To prepare for the new year, I always spend the days between Christmas and January 1st reflecting on my year. 2018 was hands-down the worst year of my life. God, the universe, everything really destroyed me.
I like to think I’m a good person that literally doesn’t bother anyone and yet, God or whoever decided to push me so low that I wholeheartedly was convinced God wanted me to die. I just couldn’t think of why all these devastating things kept happening to me. Even with the sprinkles of good times, there was always an immediate calamity to remind not to get so comfortable. The phrase, “when it rains, it pours” was the definition of my 2018. This year was unnecessarily difficult and I had lost my faith in God.

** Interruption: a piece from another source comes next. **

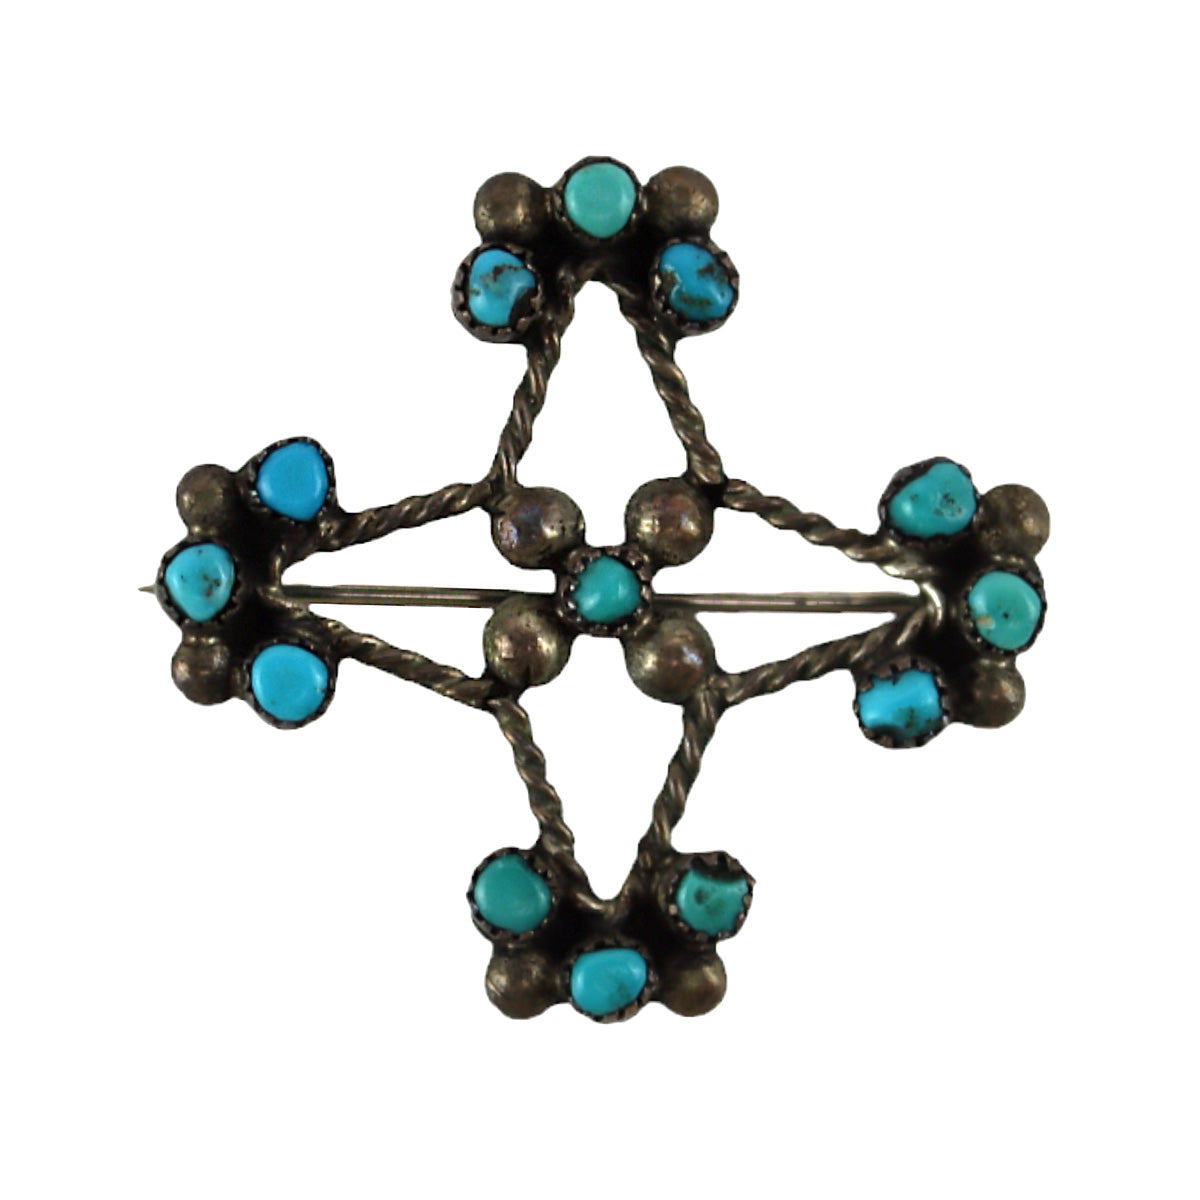 Zuni - Turquoise Petit Point and Silver Pin c. 1940s, 1.25" x 1.25" (J15990-004)

As much as prayed and cried and begged God he chose to belittle and embarrass me further and make, literally, my worst nightmares come true. I constantly reassessed my every action to try and remember what sin had I committed, who did I hurt so bad that I deserved this suffering. When I couldn’t come up with anything, I not only lost faith in God but I became so angry at Him.
The worst part about all of this was that I had no one to talk to about all it. Of course I had a few friends that I could talk to about our collective depression and sadness but everything was mostly on the surface. Just like in this post, I could never really go into detail about what specific events I was suffering through just that I was really sad. So between home, work, and on the Internet, I put on a brave, happy, and fun face. Pretending to be OK is just so exhausting but I continue because at the end of the day no one really cares or has time to care about you when they’re dealing with their own life.
Even with all that, as I entered the new year I somehow still found myself speaking to God and begging him like before to change things in my favor. I’m really trying my best to stay optimistic and faithful, constantly repeating to myself those posts I see on Instagram about God breaking you to build you, God’s preparing you for something great etc. And I know many faithful Christians often quote the scriptures that remind people like me that in times of struggle is when our faith should be stronger but IT IS SO HARD. But I will try.
My overall New Year’s Resolution is to focus on things in my life I can control, most importantly my thoughts. Even though I’m miserable I want to try my hand at this whole “positive thinking” thing.